Hermes Zaneti, constituinte-88, lançou um livro muito denso e polêmico – O Complô: como o sistema financeiro e seus agentes políticos sequestraram a economia brasileira, no qual ele detalha como foi formada o que é hoje a nossa imensa dívida pública
O pagamento da dívida pública consome quase 50% do orçamento público federal anual. Os desembolsos correspondem aos juros, amortizações e rolagem. Considerando o montante de R$ 962 bilhões pagos em 2015, são nove vezes mais do que todo o orçamento do Ministério de Educação no mesmo ano. No entanto, o aumento da dívida pública não guarda mais relação com o investimento público. Até os anos 60, o aumento da dívida pública tinha clara relação com os grandes investimentos públicos em infraestrutura, programas habitacionais, programas de urbanização entre outros.
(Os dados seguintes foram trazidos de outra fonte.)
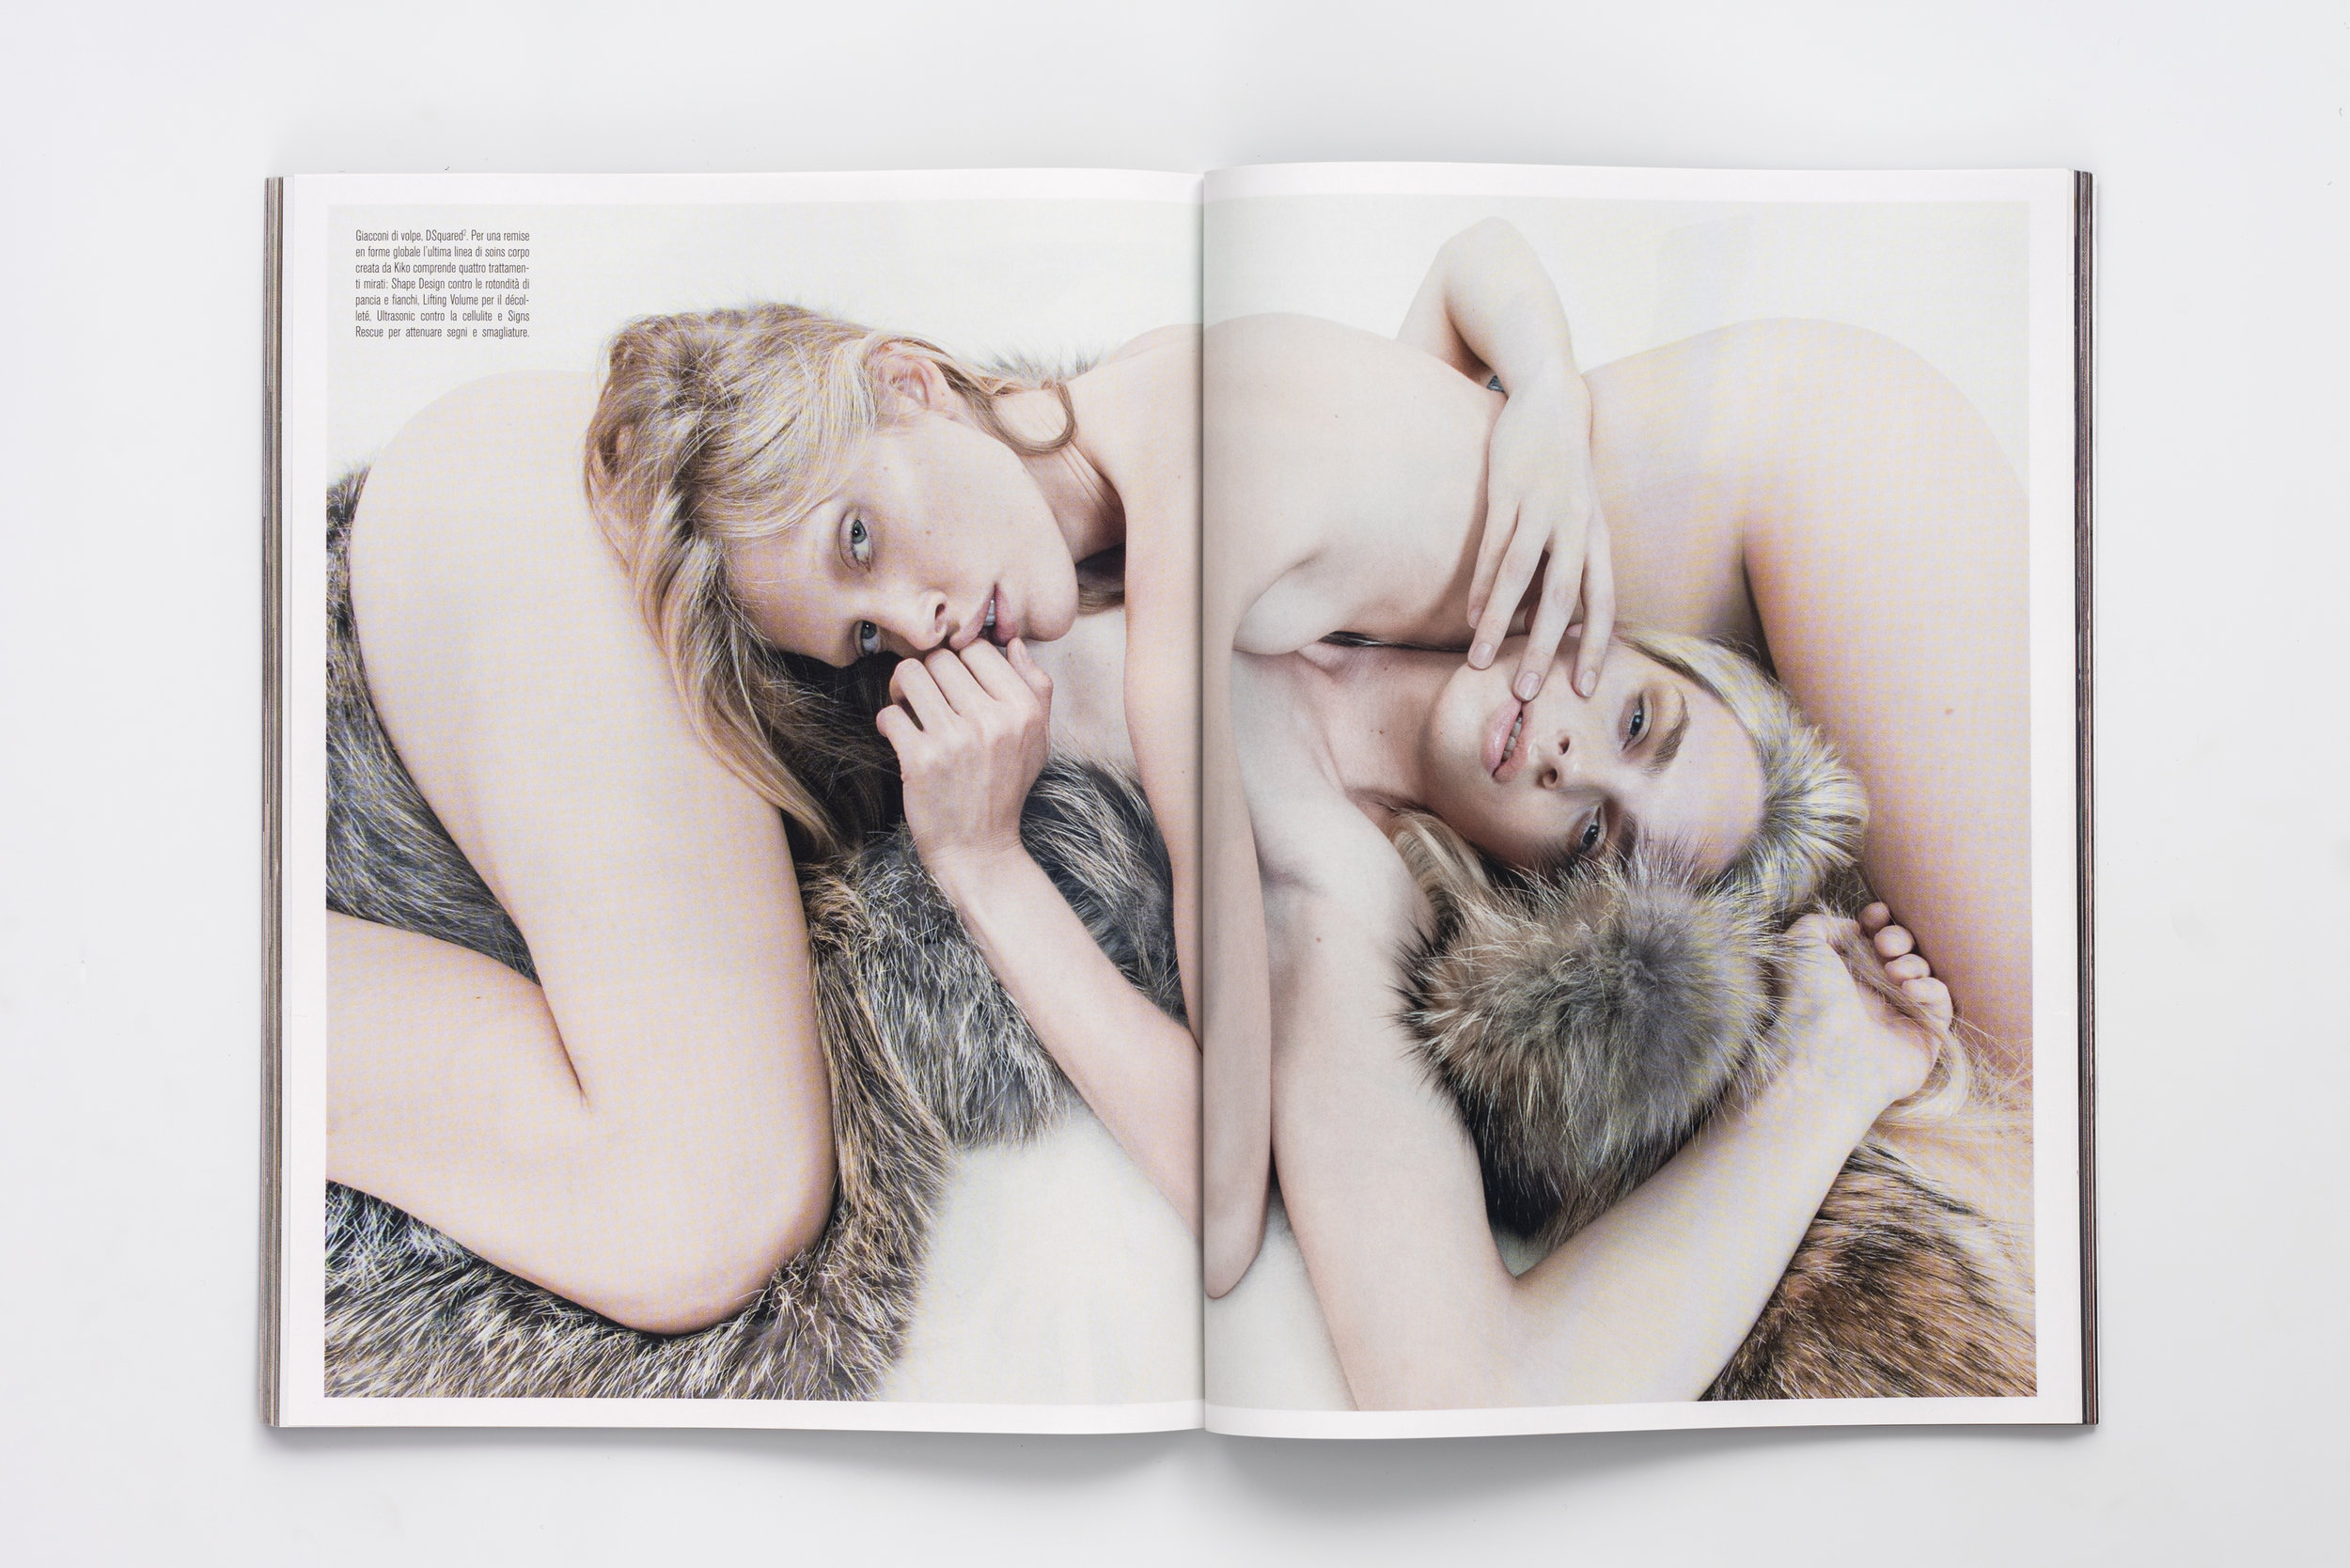 Iselin Steiro_Steven Meisel_Vogue Italia_Venus in Furs_2.jpg

Apesar do seu enorme impacto sobre o funcionamento do Estado no provimento de bens e serviços públicos à sociedade e mesmo em áreas relacionadas ao desenvolvimento tecnológico e industrial, o tema da dívida é um tabu. É possivelmente o debate mais interditado na esfera pública da sociedade brasileira. Em todo o espectro político-partidário e em todas as campanhas eleitorais presidenciais, há sempre um grande silêncio sobre o tema. Nas poucas vezes mencionadas, a dívida pública é sempre ‘naturalizada’ como uma lei de ferro da economia. Trata-se de um problema técnico-econômico a ser gerenciado de maneira “prudente e responsável”.
A aceitação da dívida pública como uma espécie de apriorismo lógico reside na premissa maior de que contratos devem ser cumpridos, pacta sunt servanda. Afinal, os contratos são a base do ordenamento social e institucional estável. Romper contratos é sinônimo de instabilidade, de destruição da confiança como mecanismo essencial para o funcionamento dos mercados.
Ronald Coase, Oliver Williamson e Oliver Hart receberam o prêmio Nobel de economia pelas suas teorias sobre o papel dos contratos no desempenho das instituições necessárias ao desenvolvimento econômico e social. Ao se tratar a dívida pública como derivação imediata de teorias contratuais, há pouco ou nenhum espaço para qualquer debate.
Desta forma, por mais nefastos e cruéis que sejam os efeitos da dívida pública sobre a sociedade, por maior que seja o seu fardo para a economia do país, ela é legal e legítima. Argumentos morais de interesse público não sensibilizam os tribunais diante dos direitos de propriedade dos detentores dos títulos da dívida.
Mas e se os contratos firmados são ilegais? E se quem os assinou não tinha prerrogativas para tal? E se a base jurídica e constitucional para tais contratos foi resultado de manobras que ferem as regras do jogo do funcionamento das instituições? Os economistas costumam falar das falhas de mercado (market failures), mas também chamam atenção para as falhas de contrato (contract failures).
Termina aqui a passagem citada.